Der Begriff Antiziganismus wird als Synonym von Gadjé-Rassismus ebenfalls verwendet. Der Begriff ist zwar etabliert, aber umstritten, weil er auf einem rassistischen Begriff beruht. Gadjé-Rassismus ist im deutschsprachigen Raum verbreitet und betont, dass Rassismus von Gadjés (rRomanes: «Nicht-Rom:nja») ausgeht.
In der Schweiz wurde die fahrende Lebensweise im 19. Jahrhundert verboten. Später gab es eine Anerkennung der Jenischen Minderheit, nicht aber anderer Gruppen.
Die «Fremdenpolizei» der Schweiz entwickelte sich anfangs des 20. Jahrhunderts wesentlich als Repressionsapparat gegen Fahrende. Die Aktualität des Gadjé-Rassismus zeigt sich in der Schweiz regelmässig in den Debatten um Stellplätze.

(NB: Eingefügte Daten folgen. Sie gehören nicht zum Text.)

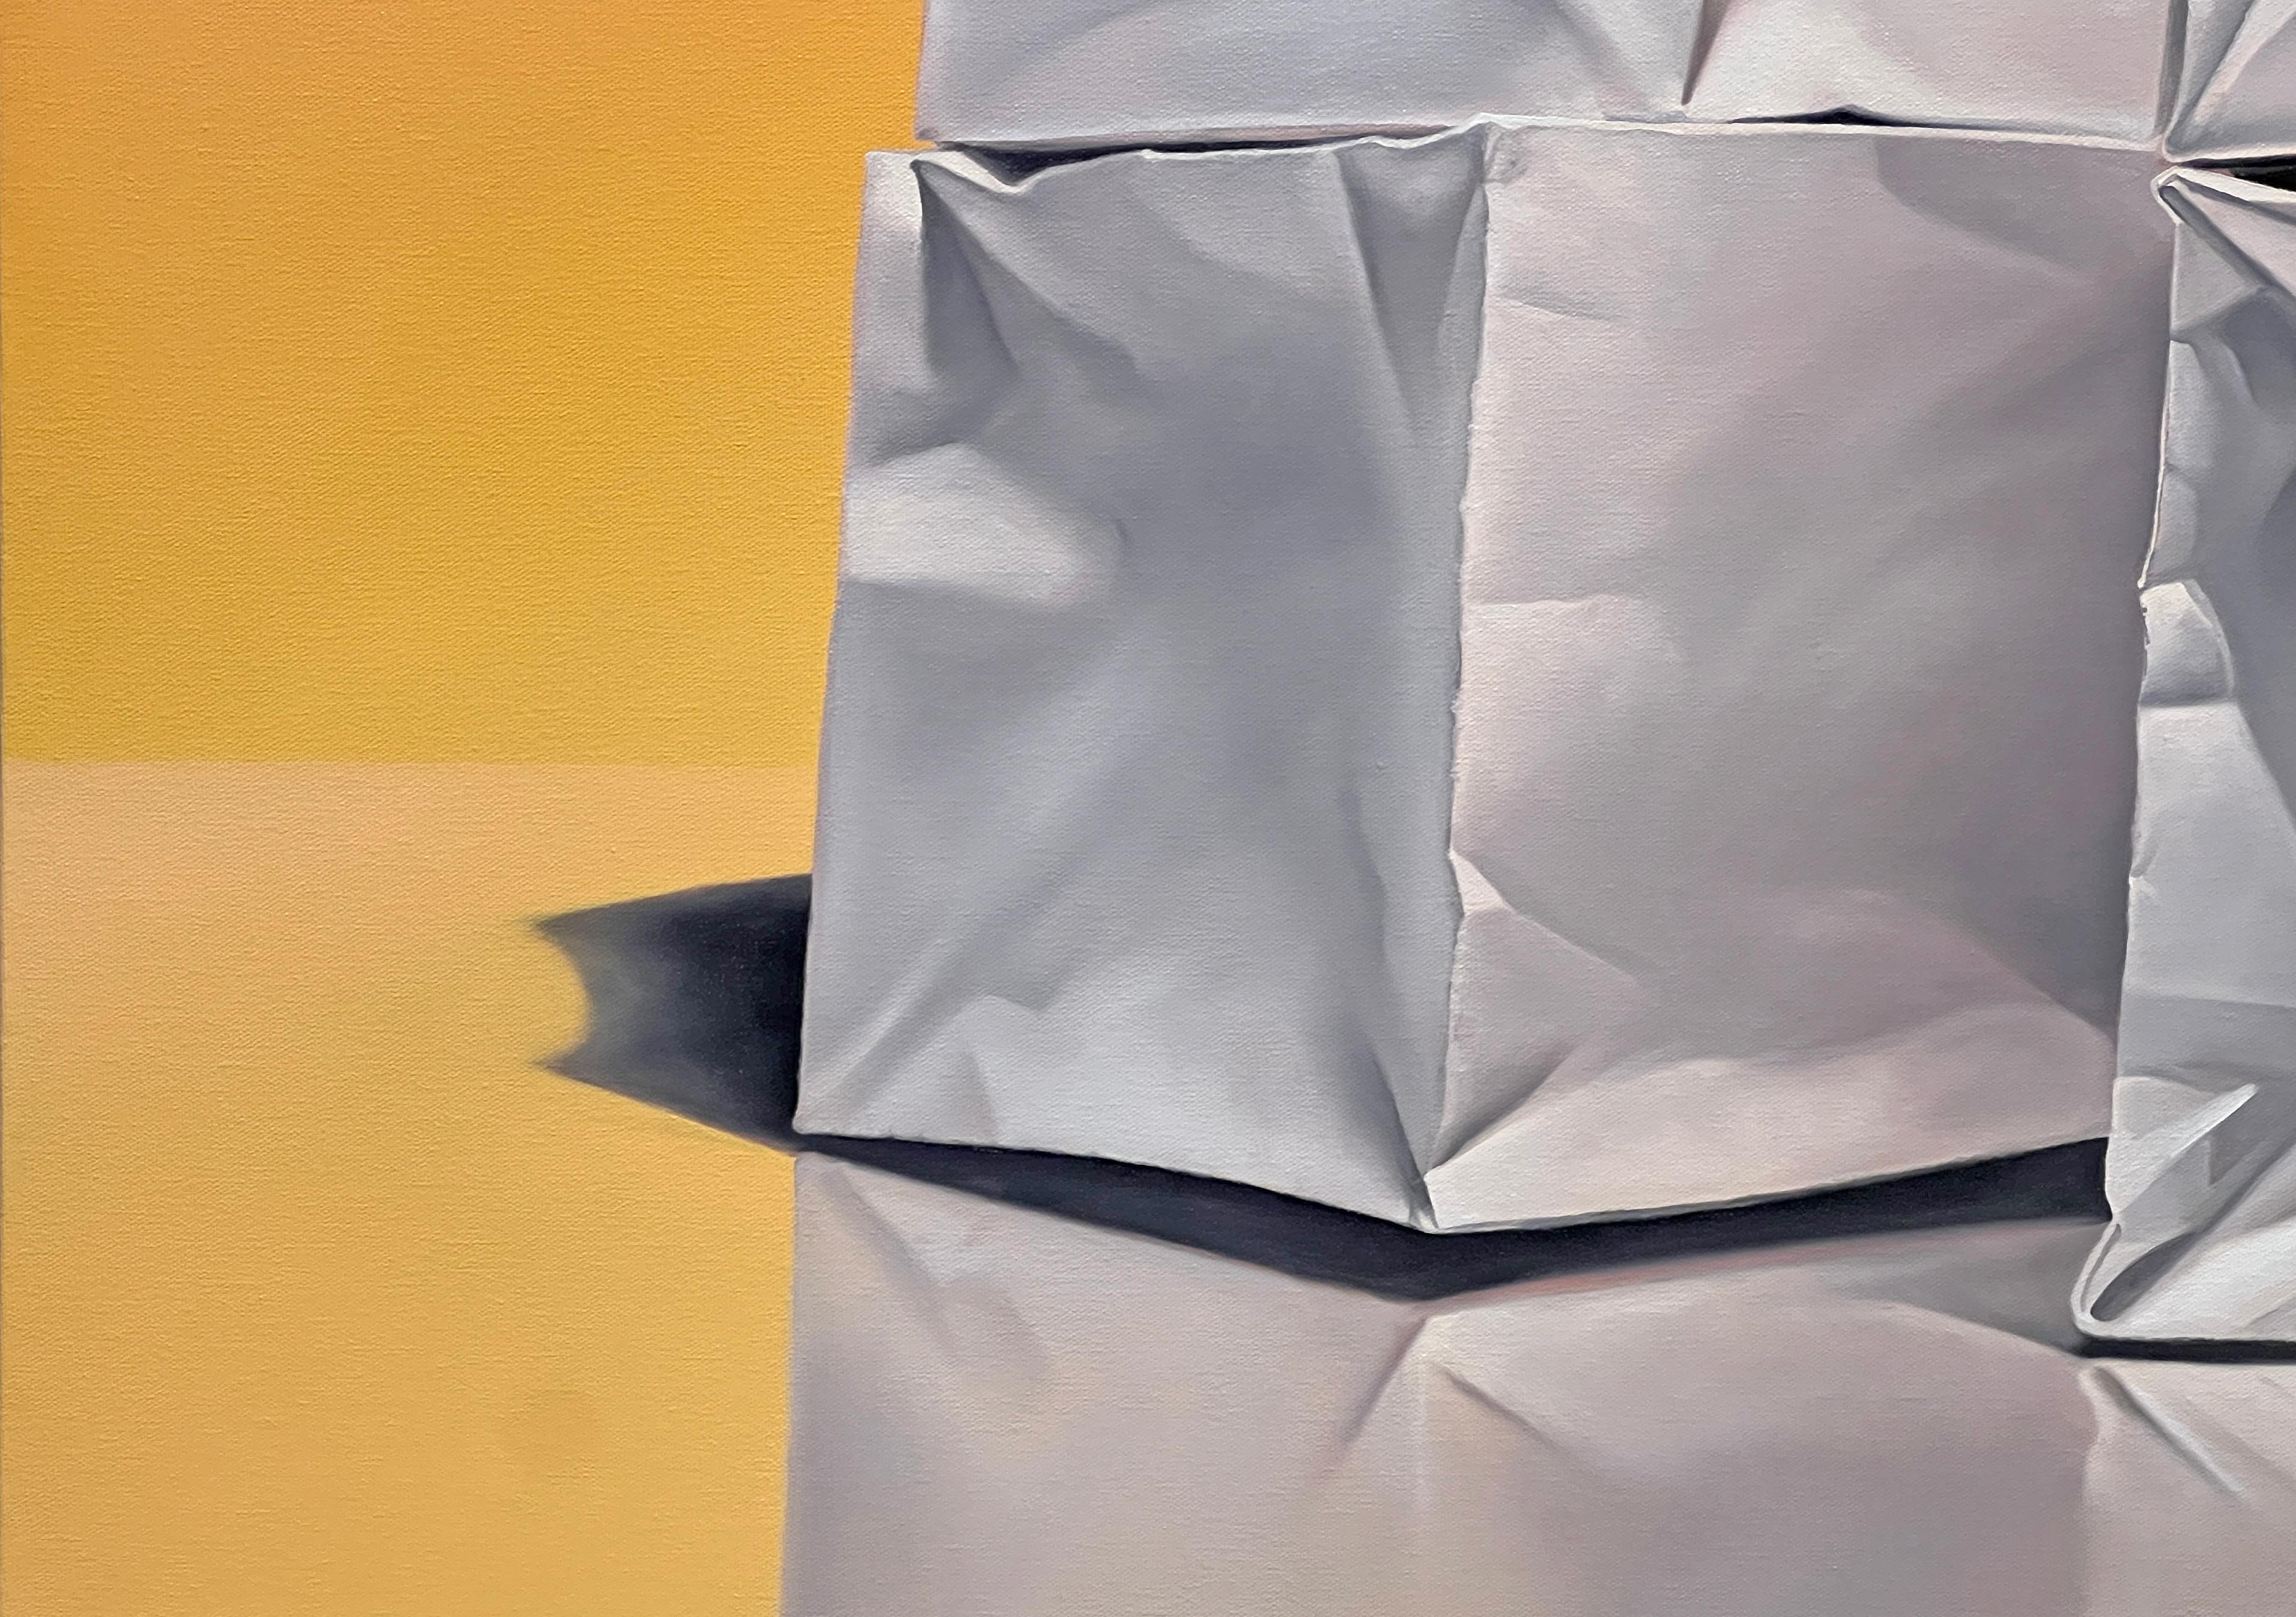 NIMBOSTRATUS - Photorealism / Still Life with Origami / High Color Sunset - Photorealist Painting by Kevin Palme
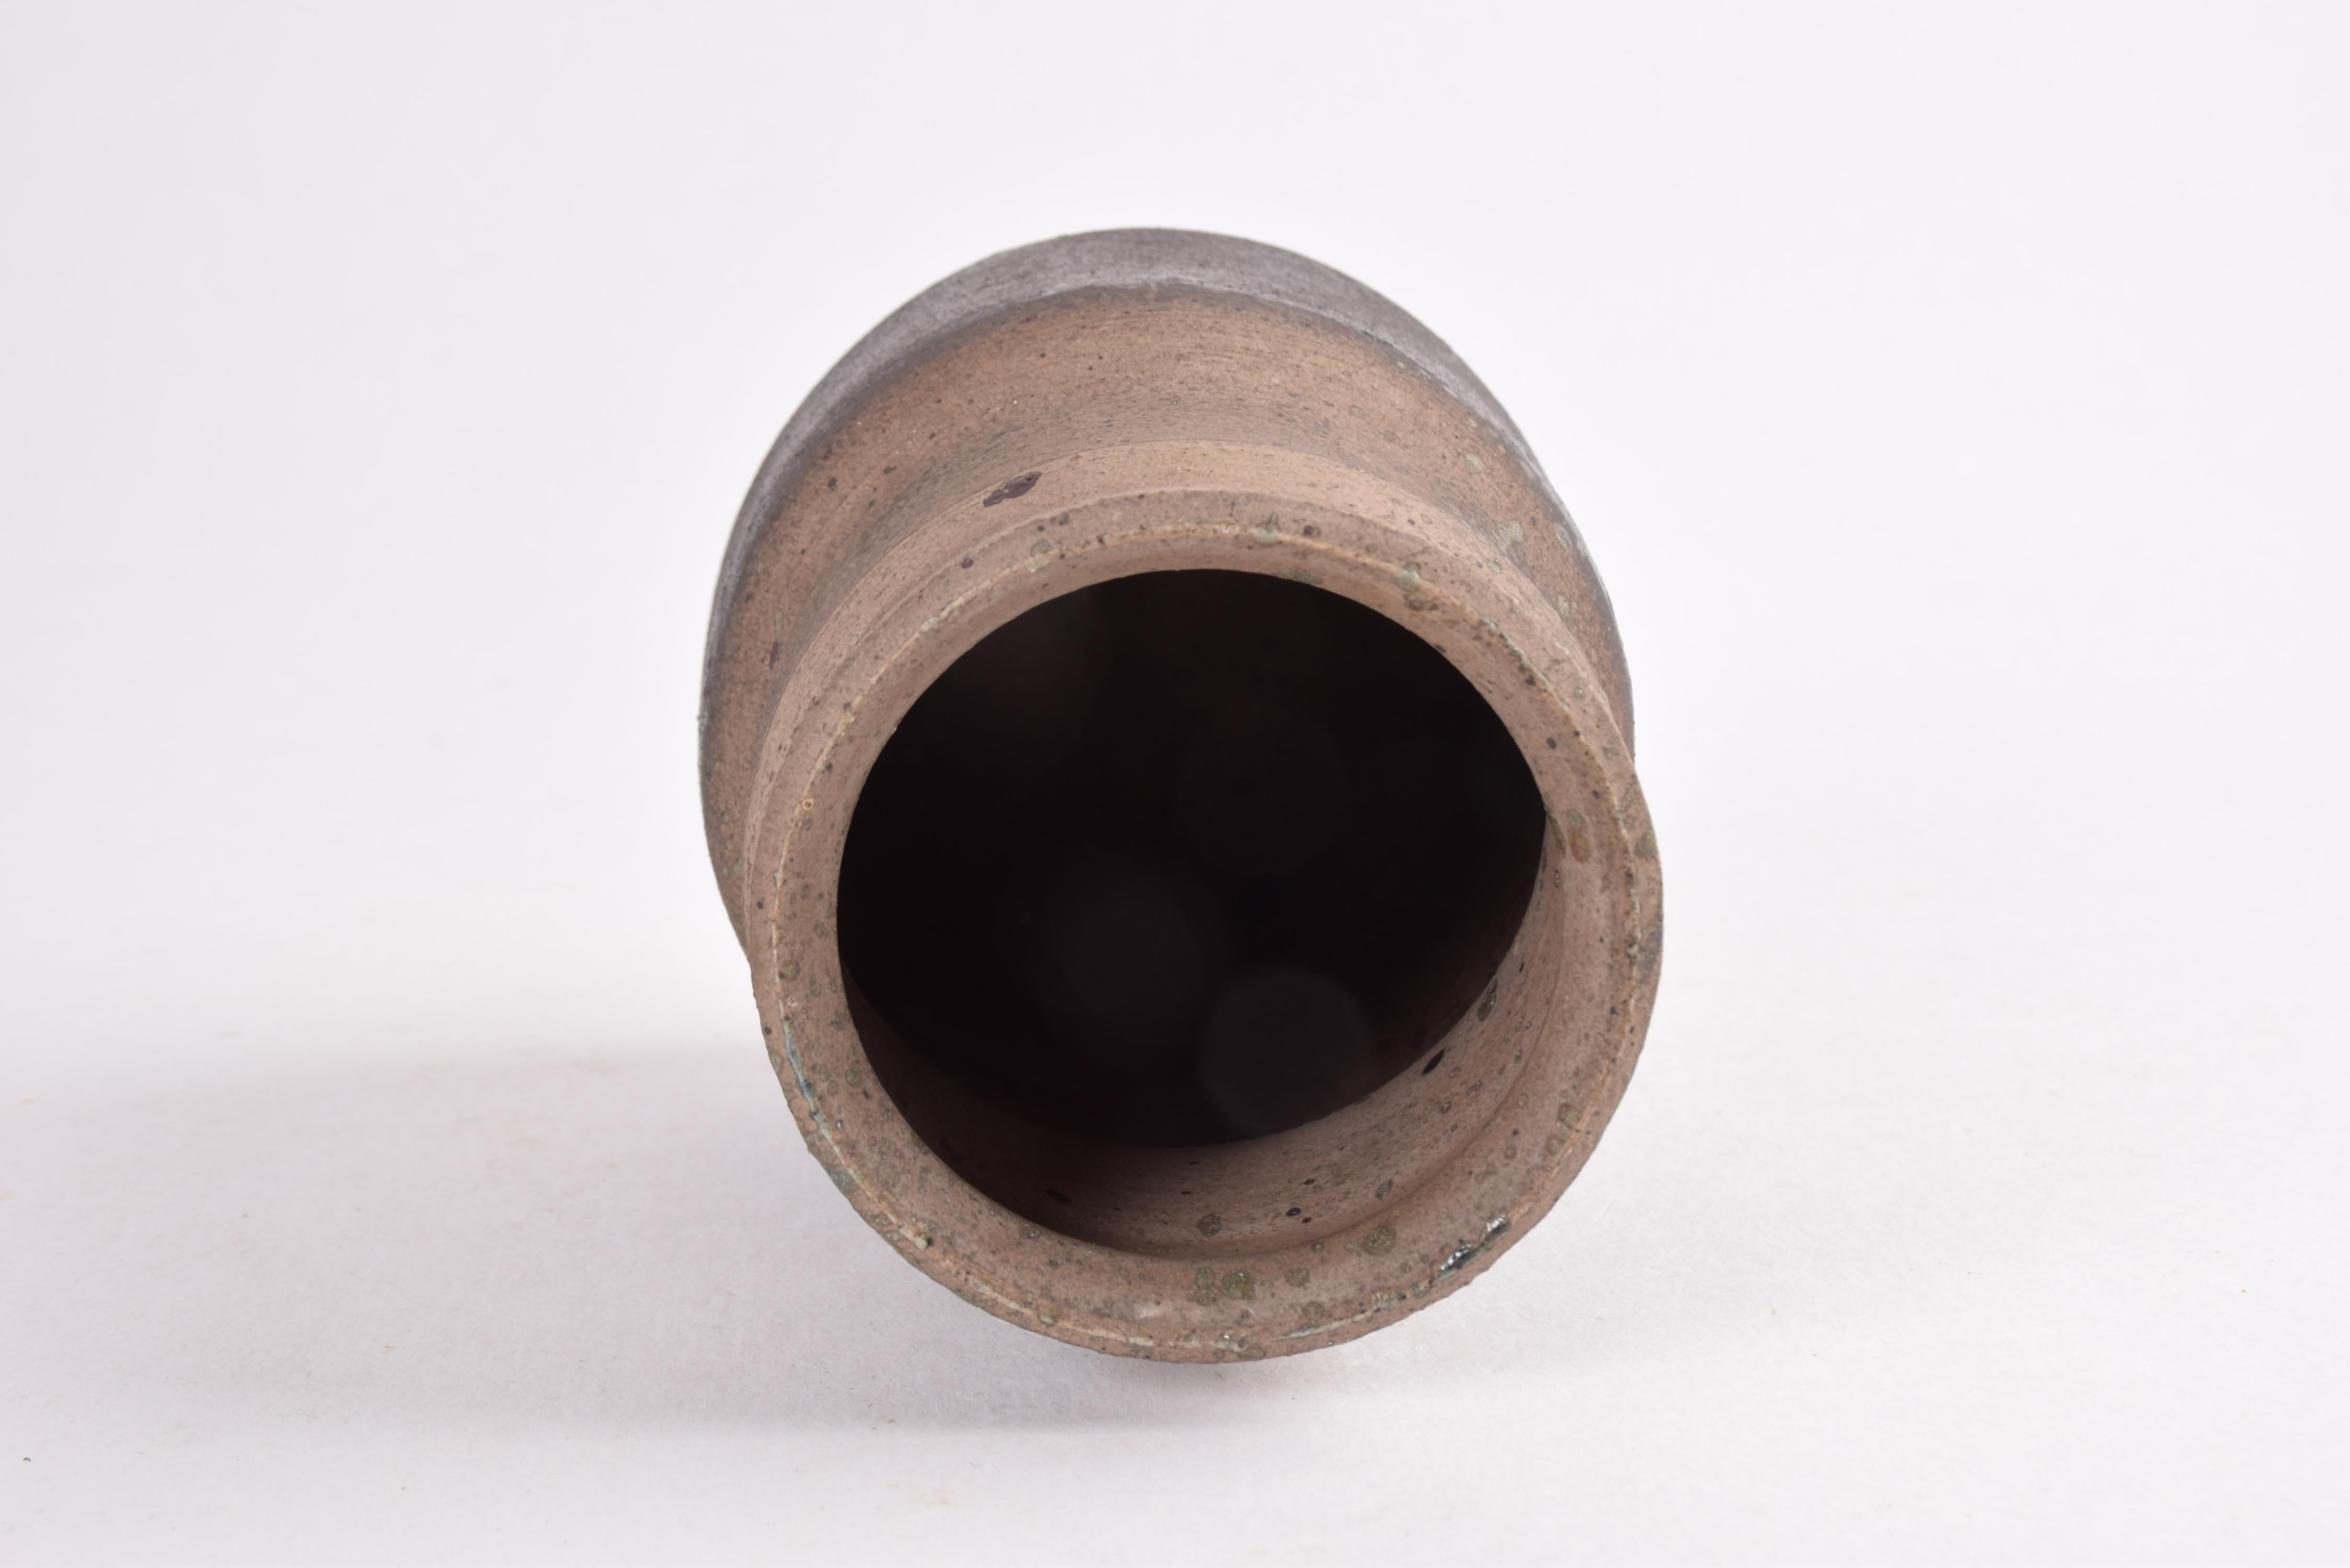 Danish Modern Studio Ceramic Vase by Chris Moes Earth Tones with Speckles, 1970s For Sale 1

Es gab ausserdem in der Schweiz verschiedene Formen der Zwangsassimilation. Das Projekt «Kinder der Landstrasse» der halbstaatlichen Stiftung Pro Juventute entriss von 1926 bis 1972 Kinder von Fahrenden ihren Familien, um sie in die Dominanzgesellschaft einzugliedern. Für die Verwandten unauffindbar gemacht, wurden sie in Heimen, psychiatrischen Anstalten, Fremdfamilien und Gefängnissen untergebracht oder verdingt.